Quadratic Inequality Calculator
Solve ax² + bx + c < 0, >, ≤, ≥ with interval notation
Understanding Quadratic Inequalities
A quadratic inequality is an inequality involving a quadratic expression: ax² + bx + c < 0, > 0, ≤ 0, or ≥ 0. Unlike equations which have specific solutions, inequalities have solution sets—ranges of values that satisfy the inequality.
Solving Method
- Find the critical points by solving the related equation ax² + bx + c = 0
- These critical points divide the number line into intervals
- Test a point from each interval to determine if it satisfies the inequality
- Select the intervals where the inequality is true
- Write the solution in interval notation
Graphical Interpretation
The solution to a quadratic inequality corresponds to portions of the x-axis where the parabola is above or below the x-axis:
- ax² + bx + c > 0: Where the parabola is above the x-axis
- ax² + bx + c < 0: Where the parabola is below the x-axis
- Including equality (≤, ≥): Also includes the x-intercepts
Interval Notation
Solutions are written using interval notation:
- (a, b): Open interval, excludes endpoints
- [a, b]: Closed interval, includes endpoints
- (a, b]: Half-open, excludes a but includes b
- ∪: Union symbol, combines multiple intervals
- ∅: Empty set, no solution
Special Cases
No real roots (Δ < 0): The parabola doesn't cross the x-axis. If it opens upward, it's always positive. If it opens downward, it's always negative.

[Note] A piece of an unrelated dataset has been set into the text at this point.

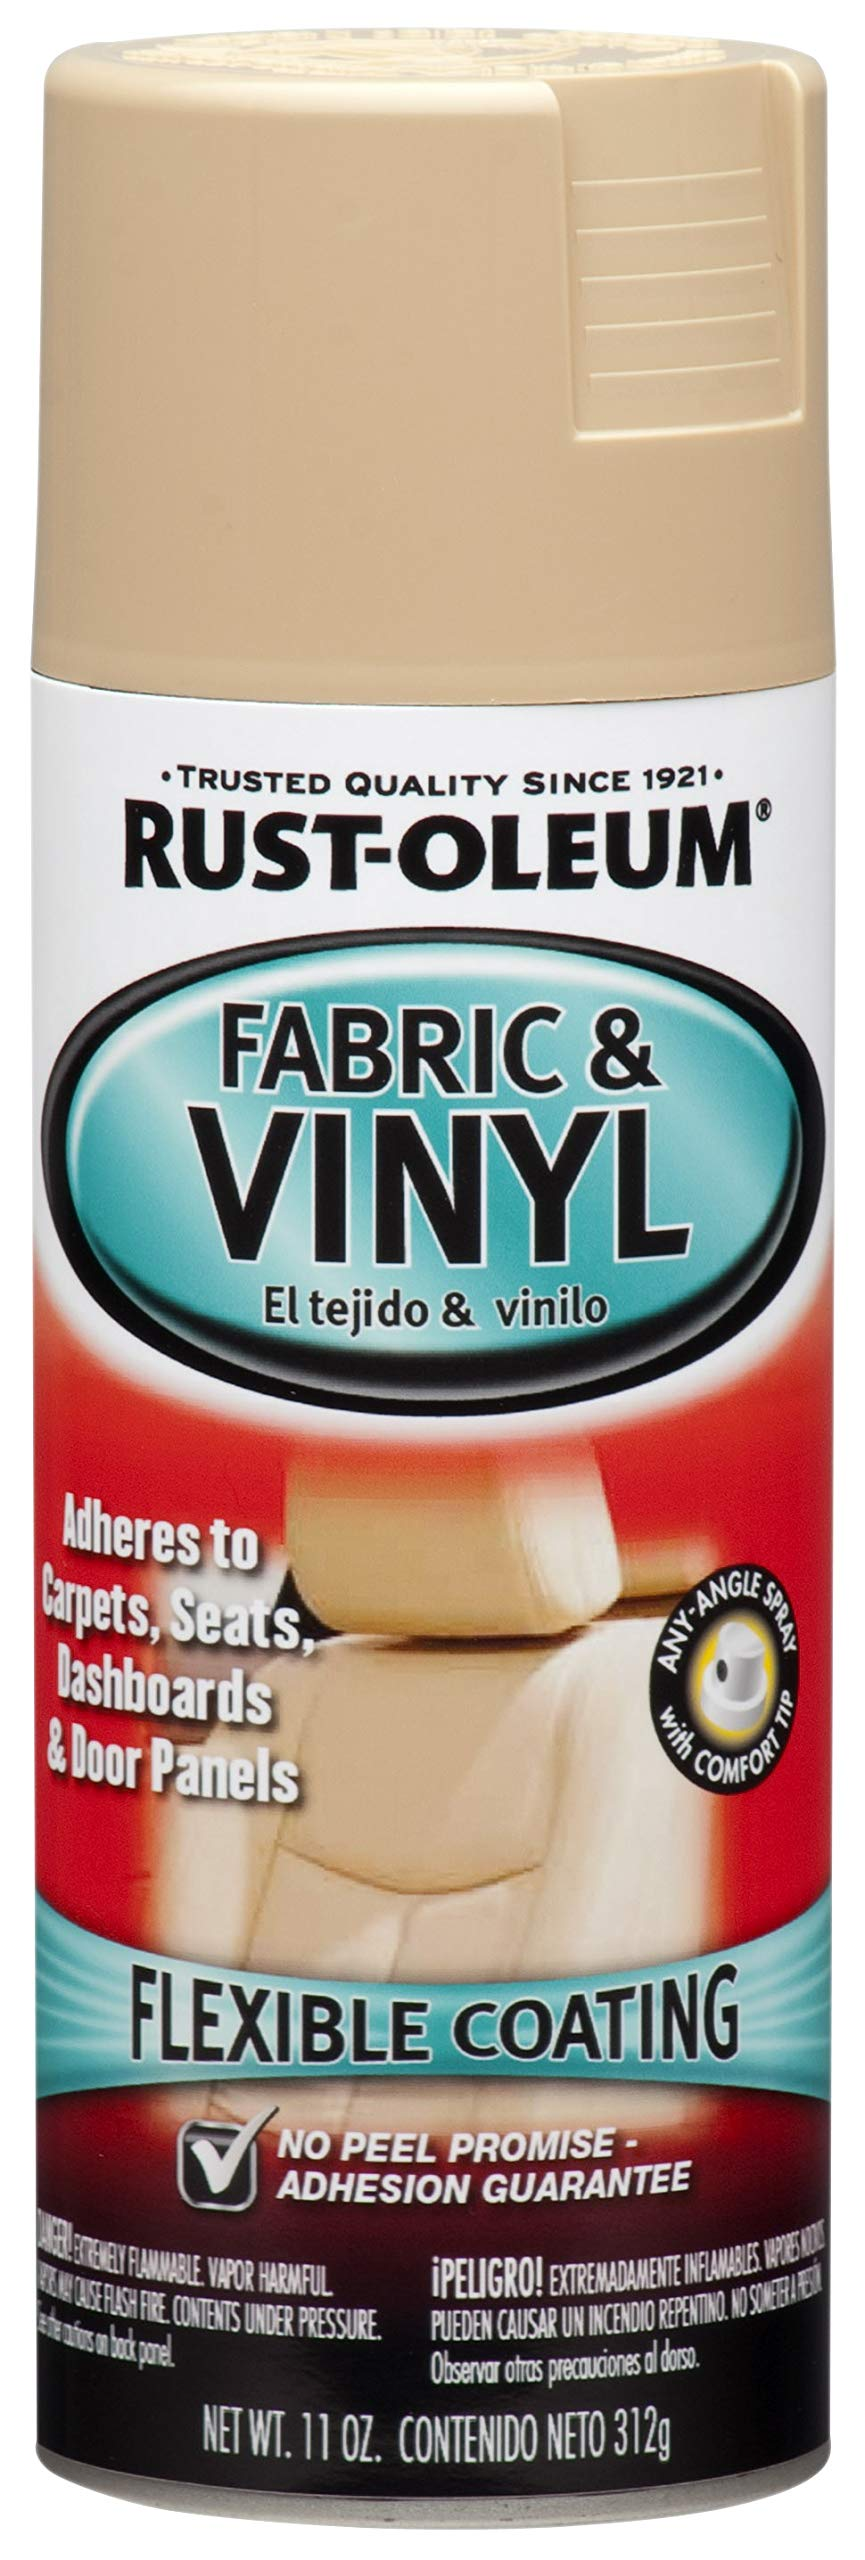 Rust-Oleum 248921 Automotive Enamel Fabric & Vinyl Spray Paint, 11 Oz, Beige

One root (Δ = 0): The parabola touches the x-axis at one point. It's zero at that point and positive/negative elsewhere depending on direction.
Frequently Asked Questions
Why do we test intervals?
The sign of a quadratic expression can only change at its roots (where it equals zero). Between roots, the expression maintains the same sign. Testing one point in each interval tells us the sign throughout that interval.
What's the difference between < and ≤?
< (strict inequality) excludes the boundary points (roots). ≤ (non-strict) includes them. In interval notation, this is shown by parentheses ( ) vs. brackets [ ].
How do I know which intervals to choose?
After testing, choose intervals where the test point satisfies the inequality. For < or ≤, choose negative regions. For > or ≥, choose positive regions. The parabola's direction (opening up or down) determines the sign pattern.
What if there are no real roots?
If the discriminant is negative, the parabola never crosses the x-axis. The expression is either always positive (if a > 0) or always negative (if a < 0), so the solution is either all real numbers or no solution, depending on the inequality.
Can I solve inequalities by graphing?
Yes! Graph y = ax² + bx + c and look where it's above or below the x-axis. The x-values in those regions form your solution. This visual method confirms algebraic solutions.
Why use interval notation instead of inequality notation?
Interval notation is more compact and clearer for complex solutions, especially when there are multiple disjoint intervals (using ∪). It's also the standard in higher mathematics.
What does ∪ mean in the solution?
The union symbol ∪ combines multiple separate intervals. For example, (-∞, -2) ∪ (3, +∞) means "x is less than -2 OR x is greater than 3"—two separate regions that satisfy the inequality.
How do inequalities relate to real-world problems?
Quadratic inequalities model constraints in optimization: profit must be positive, height must be above ground, concentration must be safe, costs must be below budget. They help determine feasible ranges in engineering, economics, and science.